Mistral launched Search Toolkit on May 28, 2026, an open-source framework that consolidates the three stages every production RAG system needs (ingestion, retrieval, evaluation) into one library with consistent interfaces. The toolkit ships alongside a starter app template backed by Vespa for hybrid retrieval, so teams can move from prototype to working pipeline without choosing five separate tools and gluing them together.

Try It: Spin Up a RAG Pipeline in 10 Minutes

Clone search-starter-app, install dependencies, drop your documents into the input folder, and run the ingestion pipeline. The default config gives you parsing, chunking, embedding generation, BM25 sparse retrieval, dense embedding retrieval, and a hybrid blend out of the box. Quality metrics (recall, precision, MRR, NDCG) run against a test set you define, so you can measure whether a config change actually moved retrieval quality before you ship.

The fastest end-to-end demo is the documented Vespa setup. The official documentation walks through schema configuration, custom ingestion pipelines, and the retrieval API surface, all from the same starter template.

Why It Matters

Building production RAG has been a notorious tax on shipping AI features. Every team rebuilds the same five components (chunker, embedder, sparse index, dense index, eval harness) badly the first time. Mistral packaging the whole stack as open source and shipping it with an evaluator built in shortens the path from "we need RAG" to "we have measurable RAG." That matters for the same reason Mistral Vibe shipping its VS Code extension this week mattered: the company is closing toolchain gaps where users had been stitching together third-party pieces.
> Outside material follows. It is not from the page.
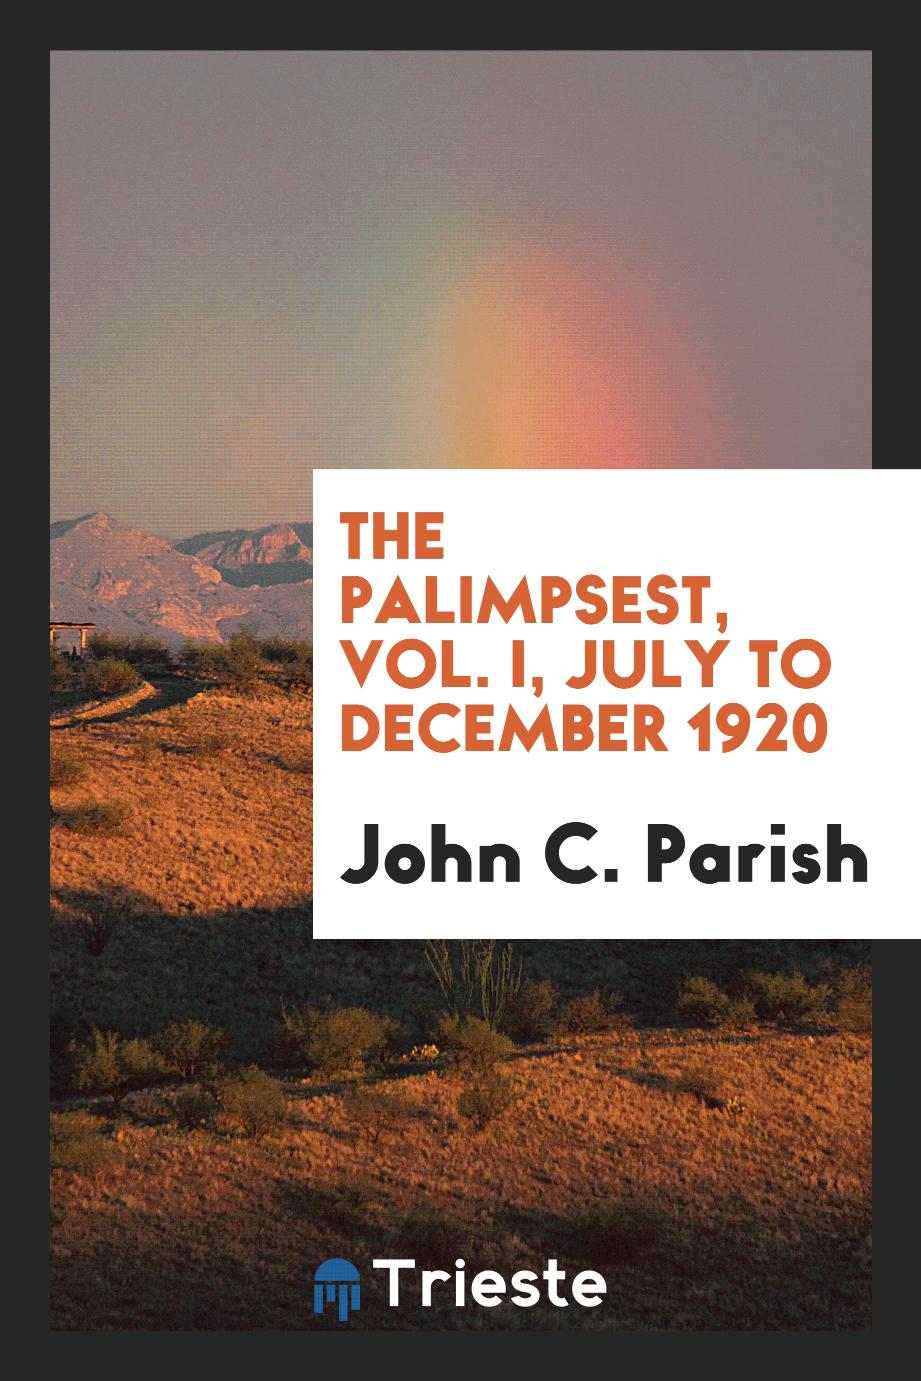 The Palimpsest, Vol. I, July to December 1920

For working creators building AI products, the Toolkit is the answer to a common Friday question: how do we get our knowledge base into the agent without rewriting the chunker? You ingest, you index, you evaluate, you ship.

Key Details

Search Toolkit handles BM25 sparse retrieval, dense embedding retrieval, and hybrid configurations out of the box. The evaluation harness includes recall, precision, MRR, and NDCG against custom test sets. Primary use cases the team highlights: enterprise search across document repositories, RAG systems that need to isolate retrieval quality from generation quality, domain-specific retrieval for specialized terminology, and agent-powered systems that need indexed search alongside live data via Mistral's main API docs.

Pricing for the toolkit itself is open source (no fee), with usage costs accruing only to whatever inference and storage providers you bind it to. The starter app uses Vespa by default but the retrieval interface is provider-agnostic. Mistral did not publish a public benchmark suite at launch, so teams will need to evaluate against their own test sets to compare against LlamaIndex, LangChain RAG, or DSPy's retrieval modules.

What to Do Next

If you are building RAG for a creator tool, an agent, or an internal knowledge product, clone the starter template this week and run it against your existing dataset. The win is the eval harness: you can finally measure whether your retrieval is actually better after a config change, instead of guessing from anecdotal queries. Pair it with the rest of Mistral's open-source stack if you want a fully self-hosted pipeline.